Любостай
Шрифт:
ГЛАВА ДВАДЦАТЬ ЧЕТВЕРТАЯ
Далеко-далеко погромыхивало. Илья на колеснице лениво, неторопко попадал в Спас на свой праздник. Вот разогнал колымагу по булыжной тележнице и сейчас примчит и разразится громами; ан нет, сморило старого, и где-то над иными деревнями раскинул он табор и устроил пир. На усторонье, за борами смоляное бучило, словно огромный котел с кипящим варом опрокинули. Над трясом, над вечно мокрыми чарусами порою порскнет, выметнется желтая змея-медянка – и скорее назад, в схорон, в клубящийся зев беременной тучи.
Потому и на миру истомно, тревожно, кровь едва струит по жилам; не тело, а ком иссохшейся глины, не знаешь, куда его и прислонить, бродишь по двору с дремотной опаскою, будто готовый рассыпаться.
Лизаньке тошно, ей жить не хочется,
Лизанька поднялась в светелку, заперлась, что прежде не случалась с нею, свилась подковкою на диване и давай рыдать, неведомо отчего жалея себя.

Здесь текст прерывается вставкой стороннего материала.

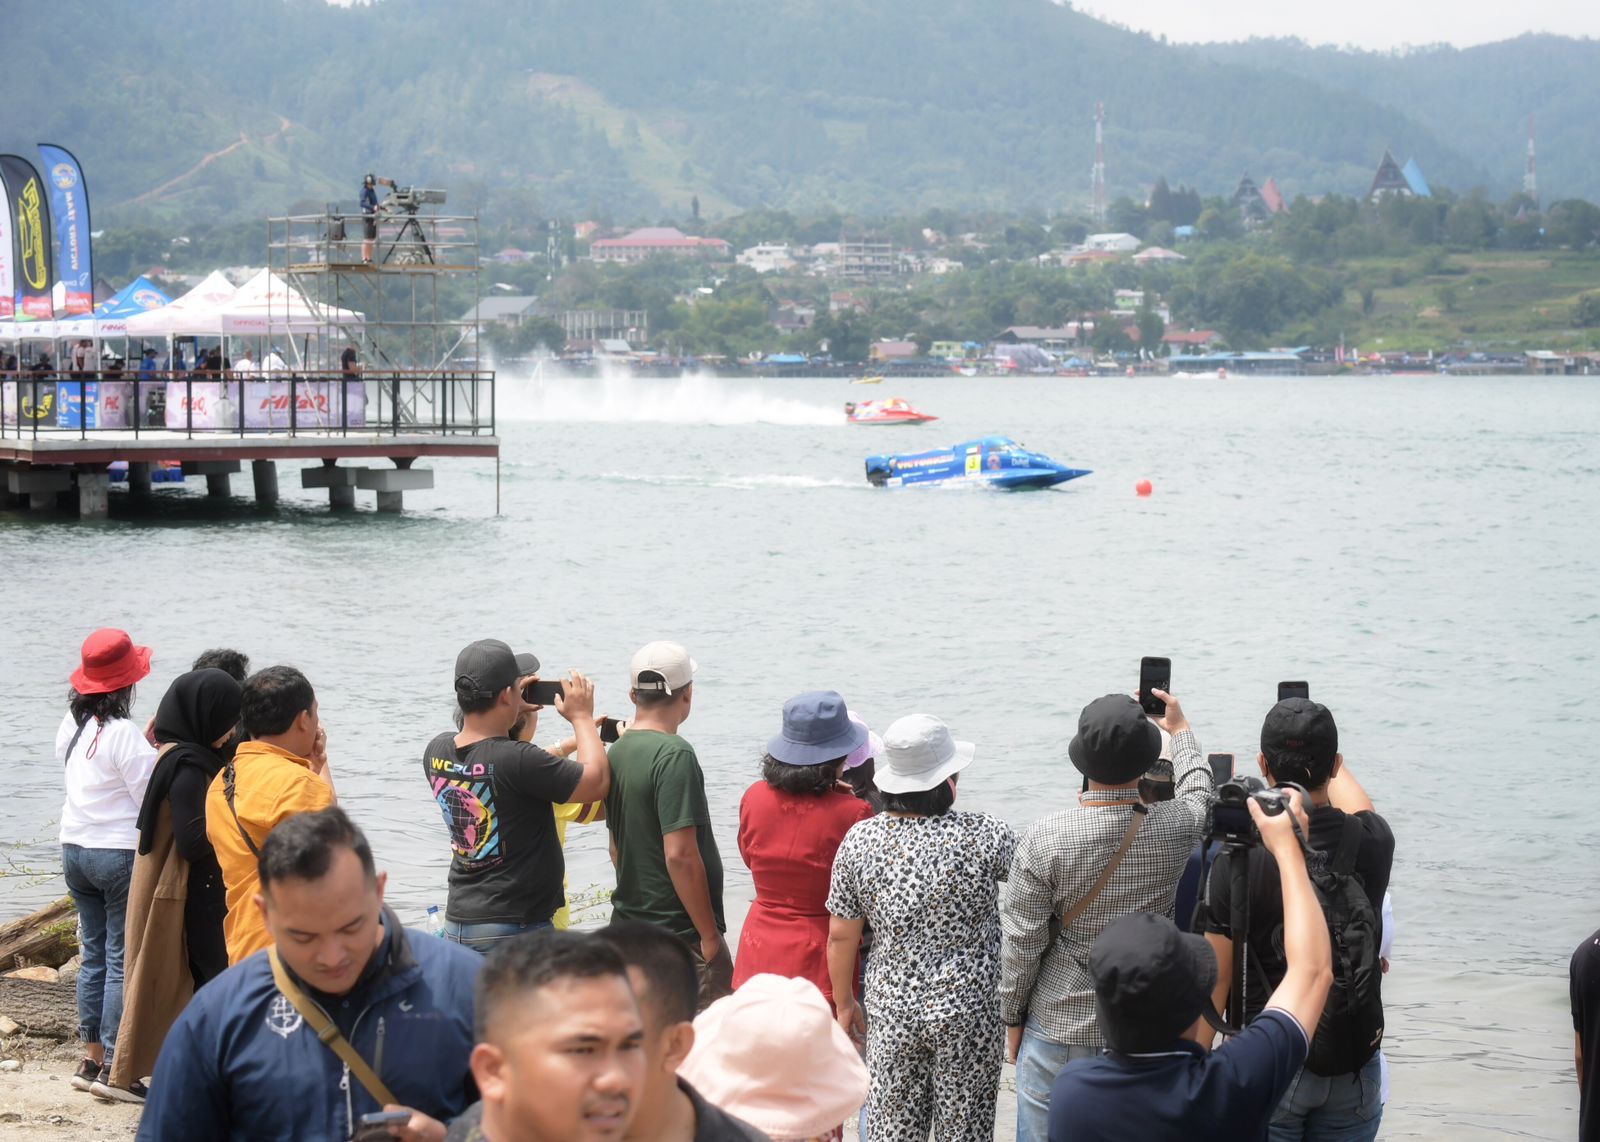 Masyarakat Antusias Nonton Langsung F1 Powerboat di Danau Toba, Penasaran Sama Perahu Balapnya
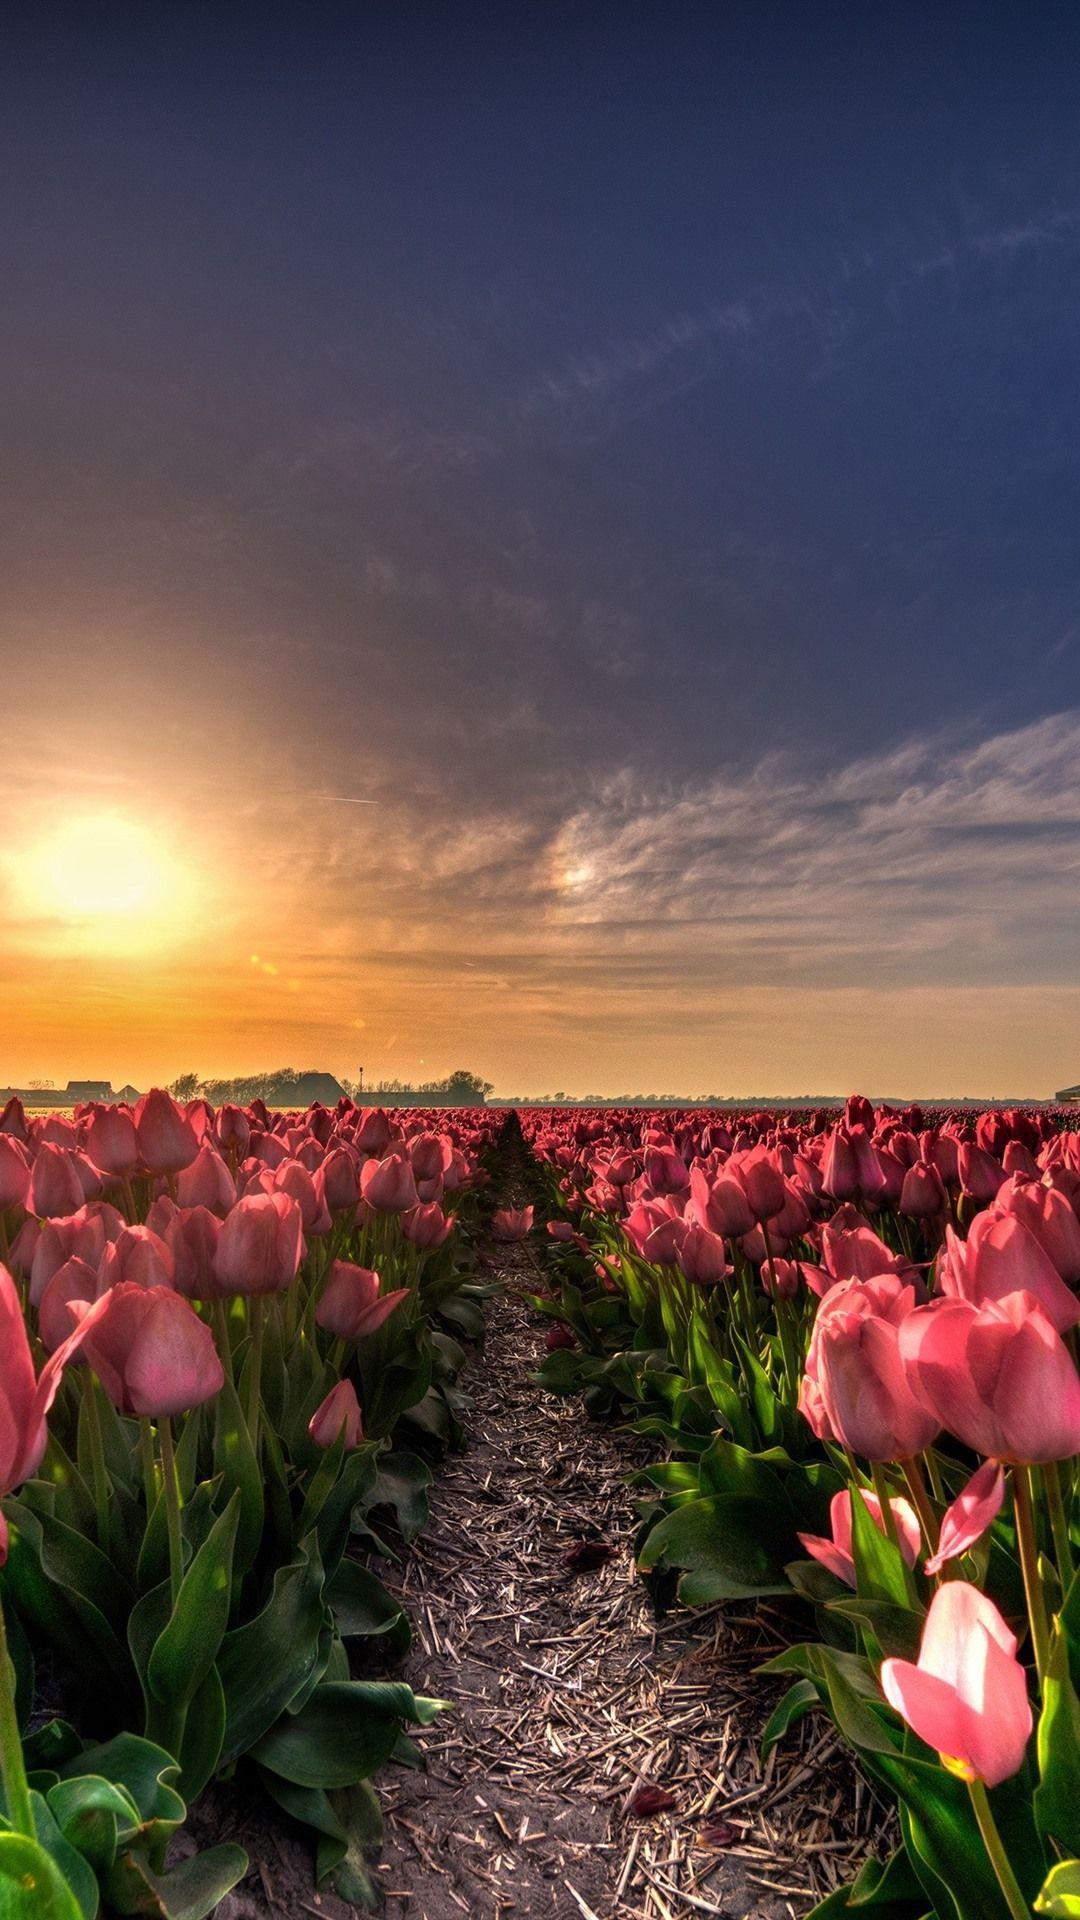 Mùa xuân là thời điểm đẹp nhất trong năm, và hoàng hôn mùa xuân càng làm tăng thêm sự tuyệt vời của khoảnh khắc đó. Nếu bạn cảm thấy bất ngờ trước vẻ đẹp mộc mạc của hoàng hôn mùa xuân, hãy xem hình nền hoa tulip qua bức ảnh tuyệt đẹp này. Sự kết hợp tuyệt vời của phong cảnh và hoa tulip sẽ khiến bạn cảm thấy như đang được đắm chìm trong thiên nhiên hoang sơ.

Зиночка прогнала деревнею овец, подняла облако пыли. Ножонки хлябали в просторных голенищах сапог, ржавое личико было каменно и упрямо. Сверля глазенками унылое стадо, Зиночка вопила, словно бы разжигая себя: «Ах вы, лодари проклятые… Ах вы, фашисты проклятые…» Металлический голос порою срывался на визг, но Зиночка не знала устали, лишь гордовато, как-то победно оглядываясь по сторонам. Грозные бабьи крики устыдили Бурнашова, словно бы он с утра только и дожидался их, чтобы вести постоянное заделье. Полосатый колорадский жук семенил по ступеньке крыльца, норовя забраться в жило; знать, спасался от жары иль заранее, уже объев картофельники до тощих будылочек, норовил устроить гнездовье на зиму… Ах пакость, ну и мерзость расплодилась на Руси. Навалился на русскую деревню заморский пришелец; вполз тайно, а уж и с печи гонит мужика, прочь из избы выживает. Ссыпают его в ведра, заливают бензином и жгут, посыпают ядом, но ничто его не берет, пропадину. Есть же, заведется на миру зараза неискоренимая, с тоскою и отвращением подумал Бурнашов, раздавил щепой жука; тот с хрустом лопнул, и пролилось на ступеньку рыжее, мерзкое… Но должна же быть и на него своя управа. Знать, не оттого нет спасения от жука, что нет его вообще на свете, а оттого лишь, что мы иль не сыскали пока защиты, иль ленимся по натуре своей и привычке «на авось», иль оставляем эту нужду на потом, дескать, есть дела поважнее. А он, разбойник, точит и точит нас, плодясь, а как заосенеет, ручьи и реки полосатые потекут, разольются по сельским дорогам, не пугаясь машин.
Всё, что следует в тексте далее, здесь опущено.